So what if my pajamas and items from my make up case and toiletry bag had to made two trips through the airport security scanners in Kansas City.  And so what if the rental car agent didn’t know if the freeway to Nebraska City had re-opened after being flooded a couple of weeks ago. And who cares that it takes a full day to arrive and a full day to return home after visiting our three grandchildren. After all, we are grandparents on a mission.  And we’re happy to say, in our visit last weekend – our mission was accomplished, till the next time.

It’s been seven years since our daughter, Corinne, died of breast cancer and left three children for her husband, Bill, to raise alone.  We, her mother and step-dad, the grandparents on her side of the family, have extended offers to help our son-in- law but he assets that he does not need our help. So since we need to feel useful we have given ourselves an assignment, one that only we can fulfill– to help our daughter’s children stay connected to her.
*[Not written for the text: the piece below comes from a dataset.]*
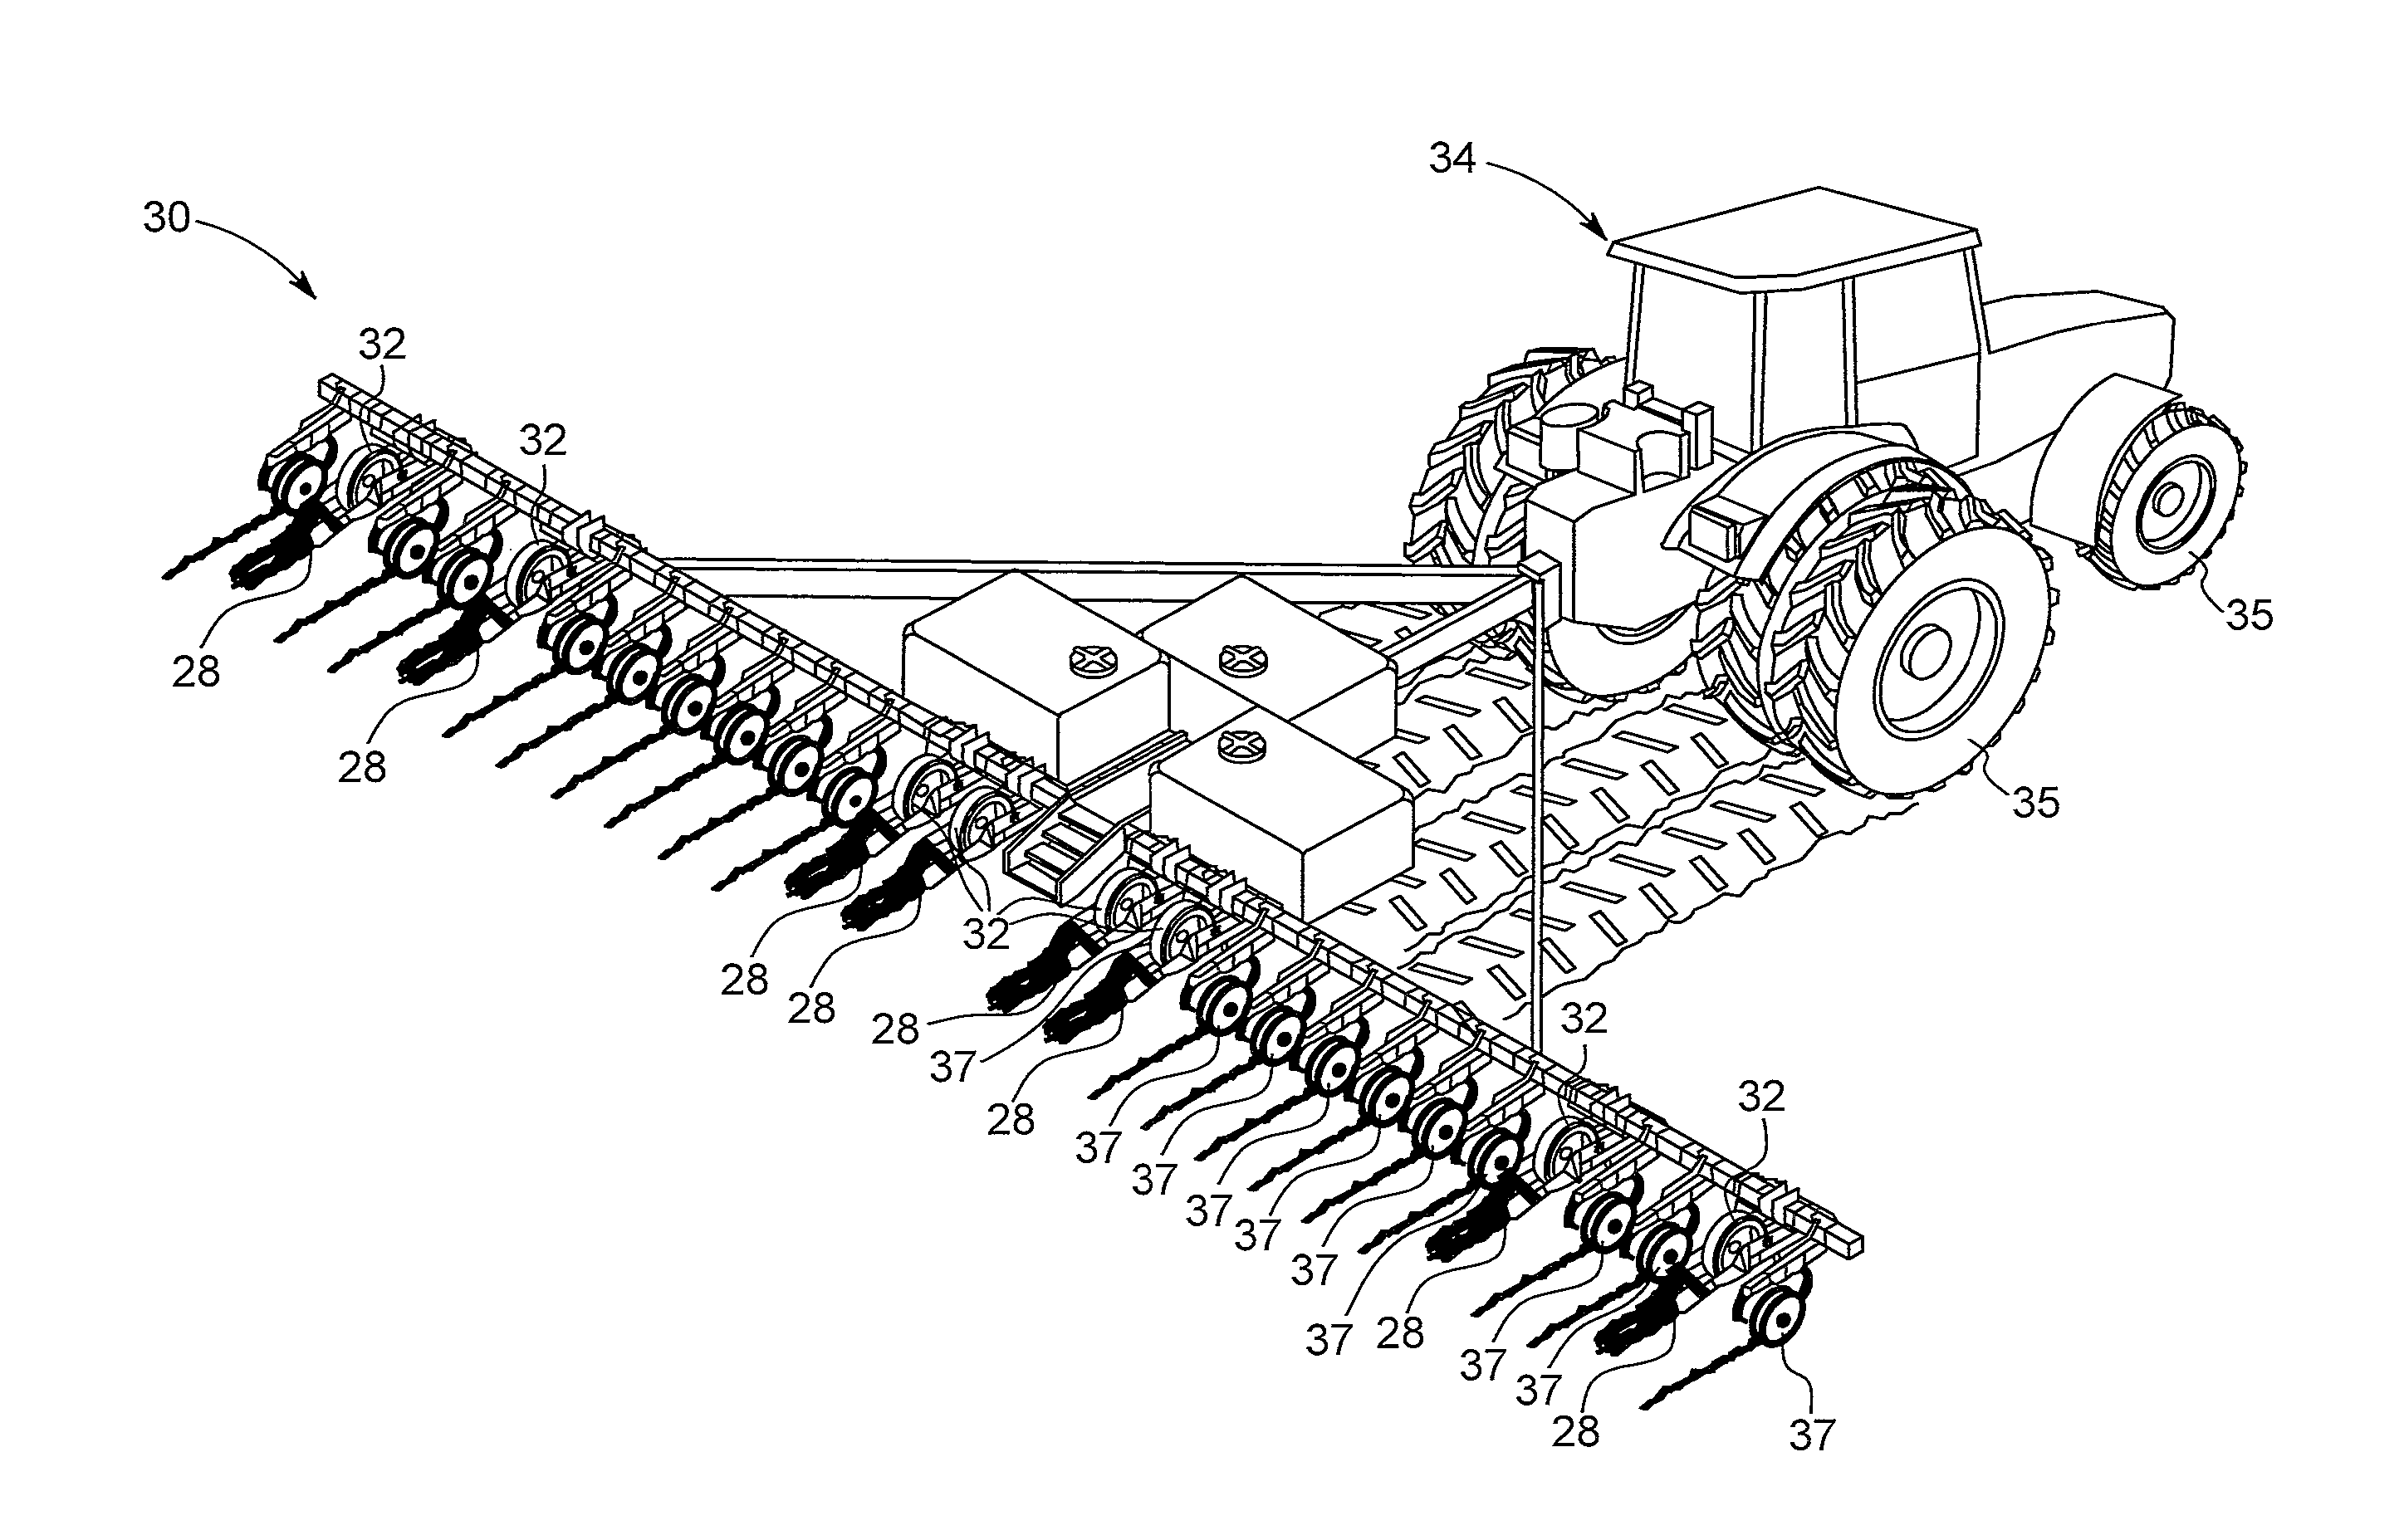 Tillage device for agricultural machinery or implements to reduce compaction caused by wheels in a field

We’ve always lived a long day’s drive, or at least one plane ride away from this family, but now it takes two planes and a three hour rental car ride from Kansas City to visit them. But for grandparents with a mission, these are just small inconveniences.  During last weekend’s visit we were able to accomplish some of the more traditional grandparent things, as well as some things our daughter would do herself if she were here:

– Cheering for our grandson and his father on senior night at the high school football game. And we were the first, (perhaps the only people), to ask for an autograph on our grandson’s official football player portrait.
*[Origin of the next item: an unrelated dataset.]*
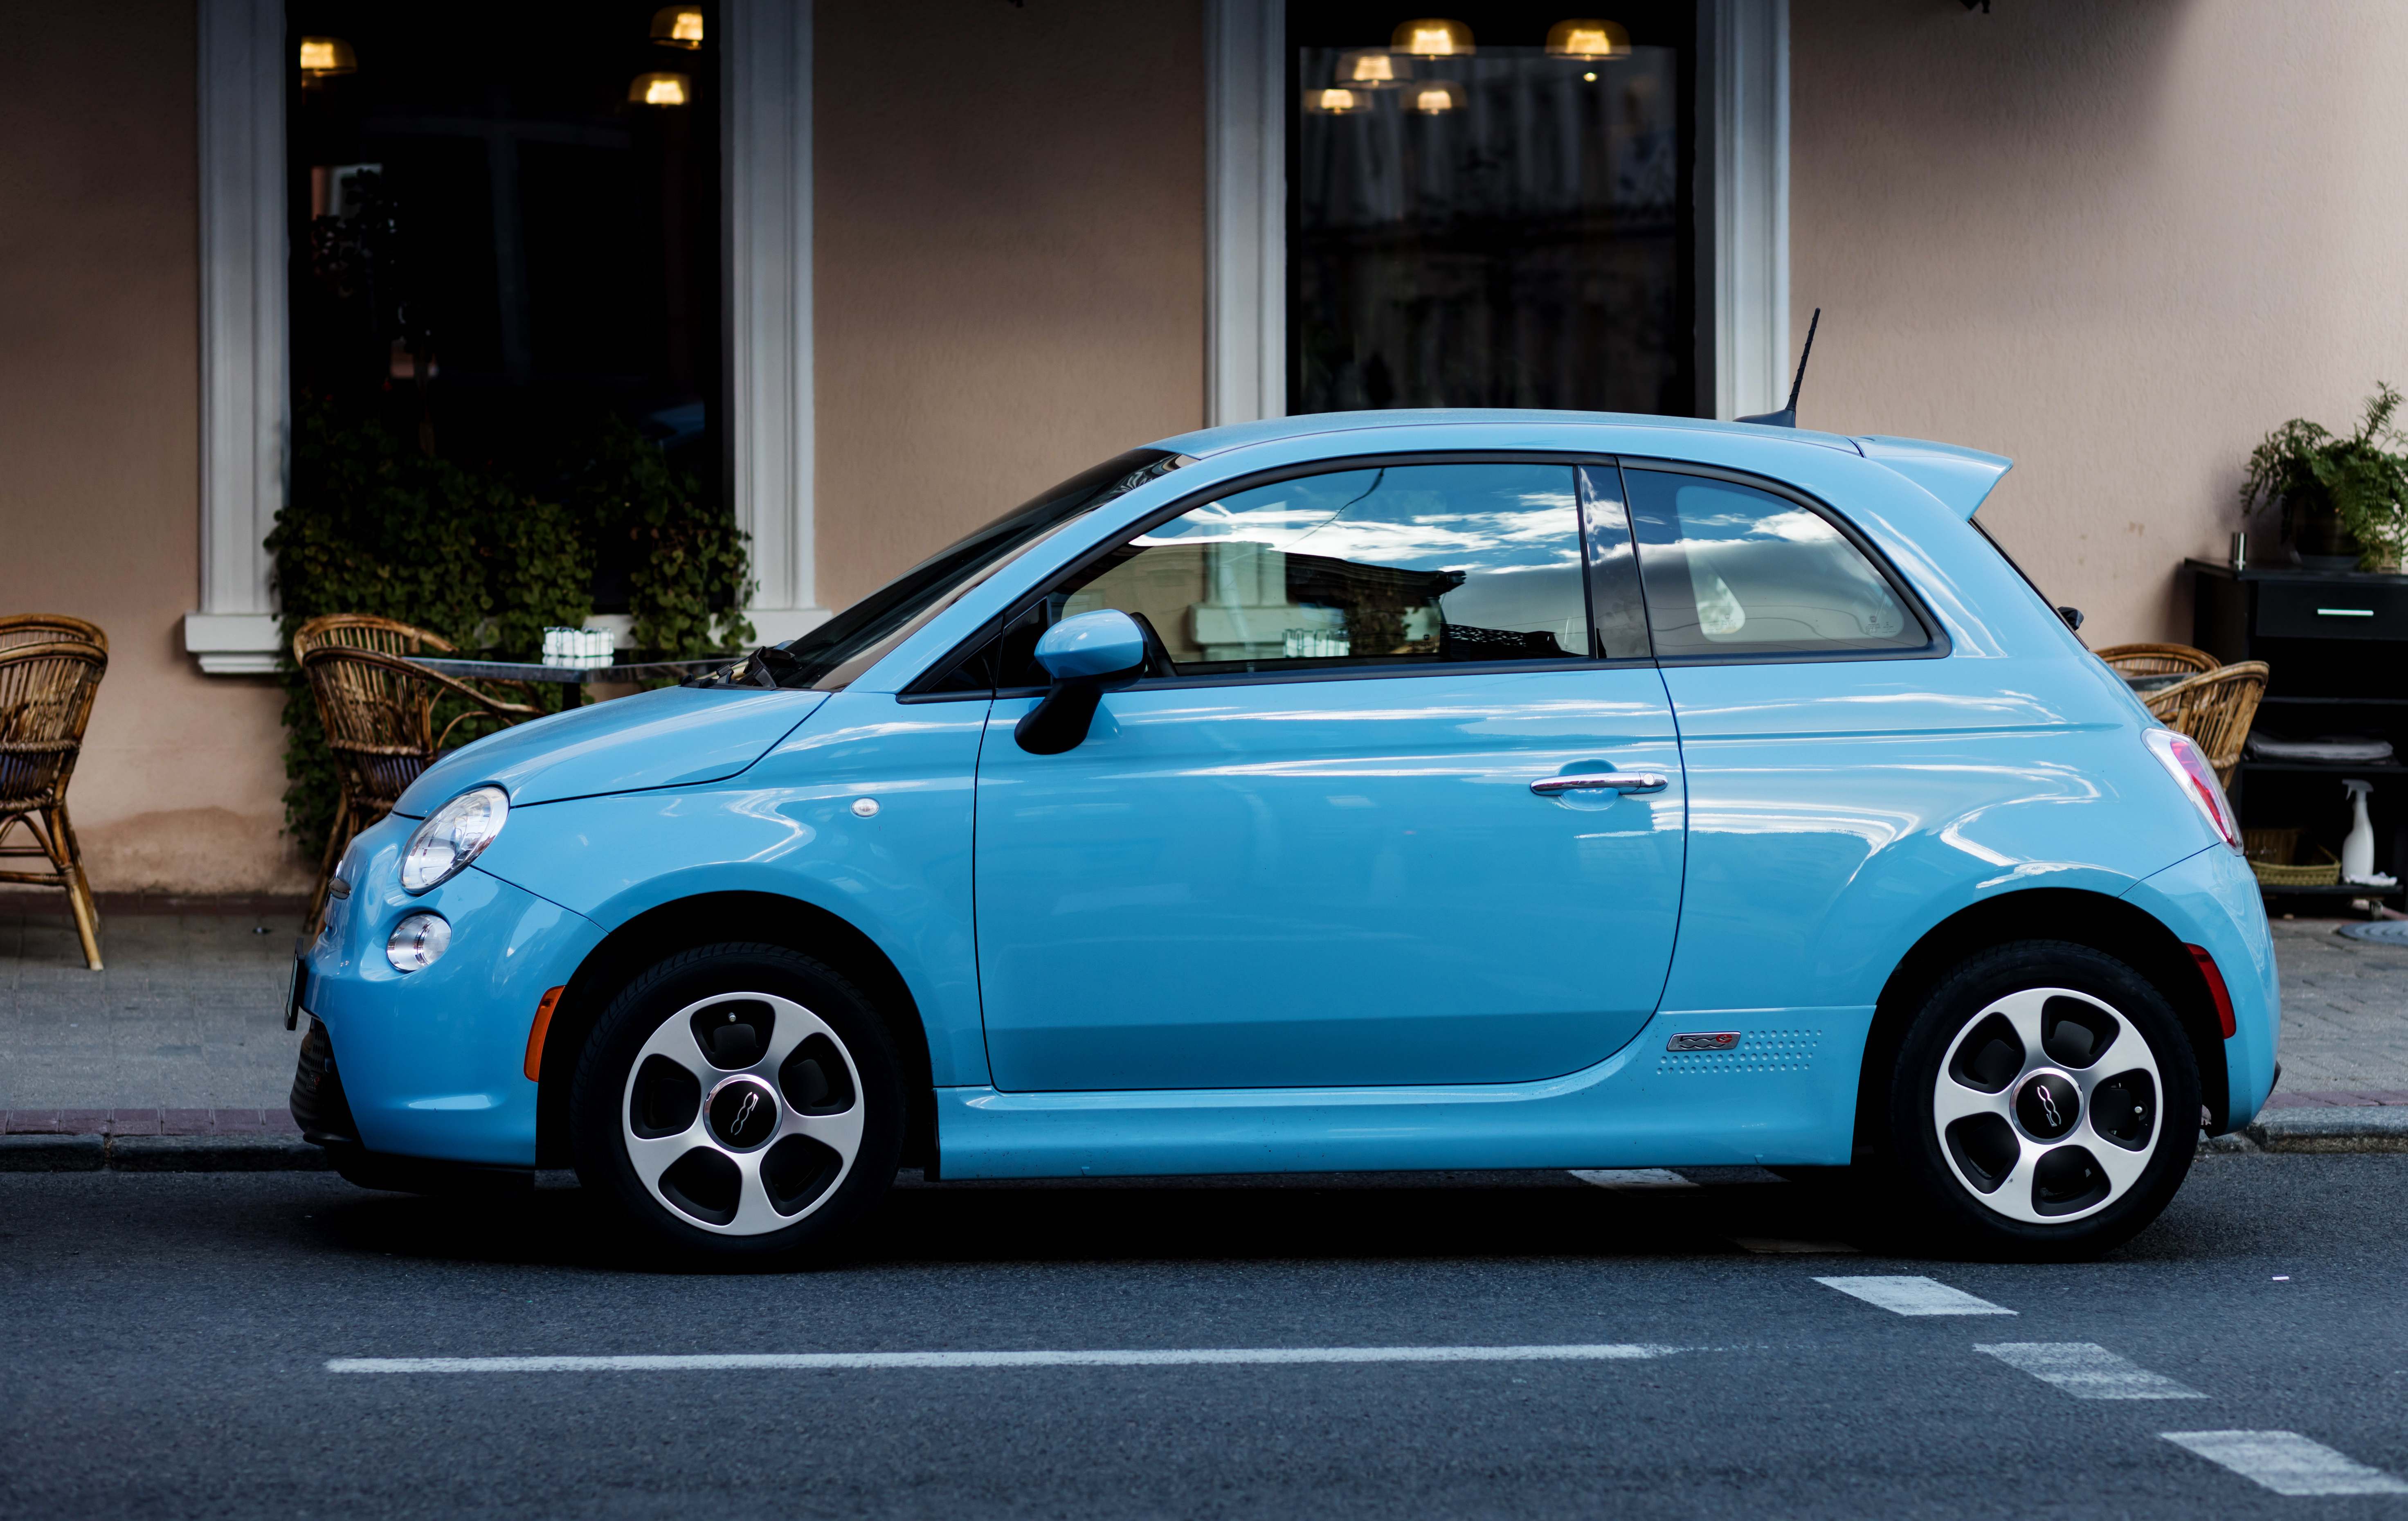 Image of a blue Fiat 500

-Photographing our granddaughter and her girl friend’s French braiding lesson and posting it on facebook.

-Holding a discussion with our granddaughter and her girl friend about “boyfriend troubles” where we were able to tell the story of what our daughter did when she was a young teenager and a boyfriend broke up with her. The girls especially liked the part where the boy wanted to get back with her and she told him, “Sorry, you had your change. You don’t get another one.”

-Shopping with the three teenagers to get a late Father’s Day (or early Christmas present) for their Dad.

-Taking our eldest grandson to the Lincoln Foundation to help him understand about the memorial fund we started on behalf of our daughter, a fund he and his siblings will be taking over once they are old enough.